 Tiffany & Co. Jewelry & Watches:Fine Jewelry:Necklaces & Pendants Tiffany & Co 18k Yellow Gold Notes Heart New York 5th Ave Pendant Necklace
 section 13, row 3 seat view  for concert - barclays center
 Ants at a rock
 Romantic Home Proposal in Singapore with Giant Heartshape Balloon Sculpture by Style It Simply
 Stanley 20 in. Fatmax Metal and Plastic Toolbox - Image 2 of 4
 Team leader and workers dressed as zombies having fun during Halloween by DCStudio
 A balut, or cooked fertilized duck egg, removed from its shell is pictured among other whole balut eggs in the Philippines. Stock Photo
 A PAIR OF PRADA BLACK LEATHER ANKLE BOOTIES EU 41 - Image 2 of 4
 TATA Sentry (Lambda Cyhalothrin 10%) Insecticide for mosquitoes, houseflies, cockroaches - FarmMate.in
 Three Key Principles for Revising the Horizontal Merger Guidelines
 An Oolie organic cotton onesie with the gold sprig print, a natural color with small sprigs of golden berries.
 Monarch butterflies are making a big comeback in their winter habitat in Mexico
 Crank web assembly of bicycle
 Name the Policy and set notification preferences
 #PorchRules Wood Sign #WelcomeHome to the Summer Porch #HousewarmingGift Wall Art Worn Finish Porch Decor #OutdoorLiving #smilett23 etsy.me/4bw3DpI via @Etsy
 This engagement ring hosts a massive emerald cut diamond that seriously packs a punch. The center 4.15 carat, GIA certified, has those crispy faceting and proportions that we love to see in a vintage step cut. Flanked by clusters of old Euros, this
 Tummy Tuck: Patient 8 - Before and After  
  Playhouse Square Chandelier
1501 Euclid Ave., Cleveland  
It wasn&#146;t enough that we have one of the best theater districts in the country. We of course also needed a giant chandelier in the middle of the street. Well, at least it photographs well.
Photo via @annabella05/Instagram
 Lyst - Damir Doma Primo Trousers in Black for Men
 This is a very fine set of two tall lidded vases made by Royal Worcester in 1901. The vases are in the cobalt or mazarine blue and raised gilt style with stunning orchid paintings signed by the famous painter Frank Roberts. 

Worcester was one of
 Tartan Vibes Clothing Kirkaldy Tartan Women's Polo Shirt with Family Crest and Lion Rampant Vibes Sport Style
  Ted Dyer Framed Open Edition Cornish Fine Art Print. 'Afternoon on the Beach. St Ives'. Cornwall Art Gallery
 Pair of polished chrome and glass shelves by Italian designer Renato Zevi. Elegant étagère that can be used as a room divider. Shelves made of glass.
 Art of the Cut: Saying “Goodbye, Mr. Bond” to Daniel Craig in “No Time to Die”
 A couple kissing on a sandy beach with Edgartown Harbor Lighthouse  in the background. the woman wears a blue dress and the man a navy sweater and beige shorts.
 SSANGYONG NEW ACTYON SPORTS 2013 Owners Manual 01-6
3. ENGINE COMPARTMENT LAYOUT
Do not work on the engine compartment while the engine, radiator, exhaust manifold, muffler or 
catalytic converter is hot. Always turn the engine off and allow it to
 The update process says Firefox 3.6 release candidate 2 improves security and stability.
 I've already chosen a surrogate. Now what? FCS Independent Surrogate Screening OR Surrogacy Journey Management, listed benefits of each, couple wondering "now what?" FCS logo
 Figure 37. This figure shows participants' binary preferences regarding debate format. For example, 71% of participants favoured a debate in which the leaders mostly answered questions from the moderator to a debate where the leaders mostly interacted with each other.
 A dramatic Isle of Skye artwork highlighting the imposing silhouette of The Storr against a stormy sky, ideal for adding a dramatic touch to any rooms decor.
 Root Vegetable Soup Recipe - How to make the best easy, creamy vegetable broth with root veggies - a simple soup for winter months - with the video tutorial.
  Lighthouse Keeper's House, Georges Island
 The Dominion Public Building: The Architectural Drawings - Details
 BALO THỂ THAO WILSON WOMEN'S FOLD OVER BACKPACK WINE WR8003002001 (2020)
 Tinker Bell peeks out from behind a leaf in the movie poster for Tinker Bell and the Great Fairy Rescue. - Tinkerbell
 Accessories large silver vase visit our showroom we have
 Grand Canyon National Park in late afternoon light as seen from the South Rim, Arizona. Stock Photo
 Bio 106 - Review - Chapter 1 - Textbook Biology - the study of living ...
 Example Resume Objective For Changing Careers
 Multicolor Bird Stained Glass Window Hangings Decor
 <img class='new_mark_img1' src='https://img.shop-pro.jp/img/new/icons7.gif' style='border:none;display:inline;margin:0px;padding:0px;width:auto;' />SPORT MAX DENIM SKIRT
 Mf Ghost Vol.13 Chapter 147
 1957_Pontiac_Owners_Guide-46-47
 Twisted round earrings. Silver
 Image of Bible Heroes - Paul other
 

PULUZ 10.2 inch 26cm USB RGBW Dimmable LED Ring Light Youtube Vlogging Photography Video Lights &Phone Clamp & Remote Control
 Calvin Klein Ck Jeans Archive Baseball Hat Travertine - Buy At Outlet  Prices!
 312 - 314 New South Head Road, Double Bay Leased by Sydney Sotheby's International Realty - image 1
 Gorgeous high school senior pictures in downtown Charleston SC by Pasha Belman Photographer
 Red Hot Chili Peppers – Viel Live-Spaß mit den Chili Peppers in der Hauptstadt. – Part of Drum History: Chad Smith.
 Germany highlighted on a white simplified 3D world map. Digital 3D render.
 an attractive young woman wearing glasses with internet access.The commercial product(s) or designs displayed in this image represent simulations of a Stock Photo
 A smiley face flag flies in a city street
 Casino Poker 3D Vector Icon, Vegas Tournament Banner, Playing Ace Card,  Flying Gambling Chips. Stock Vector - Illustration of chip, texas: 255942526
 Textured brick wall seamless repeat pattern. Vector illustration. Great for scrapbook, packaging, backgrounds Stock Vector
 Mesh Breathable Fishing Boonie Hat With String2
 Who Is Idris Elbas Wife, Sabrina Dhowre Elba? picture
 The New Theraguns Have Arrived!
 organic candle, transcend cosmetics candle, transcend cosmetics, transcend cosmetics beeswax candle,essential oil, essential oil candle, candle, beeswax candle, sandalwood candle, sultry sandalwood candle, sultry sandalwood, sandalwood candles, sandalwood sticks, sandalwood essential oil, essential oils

━━━━━━━━━━━━━━━━━━━━━━━━━━━━━━

> **Task directions**
The answer is every line in the data where the word "center" appears.

> **Task solution**
 section 13, row 3 seat view  for concert - barclays center
 This engagement ring hosts a massive emerald cut diamond that seriously packs a punch. The center 4.15 carat, GIA certified, has those crispy faceting and proportions that we love to see in a vintage step cut. Flanked by clusters of old Euros, this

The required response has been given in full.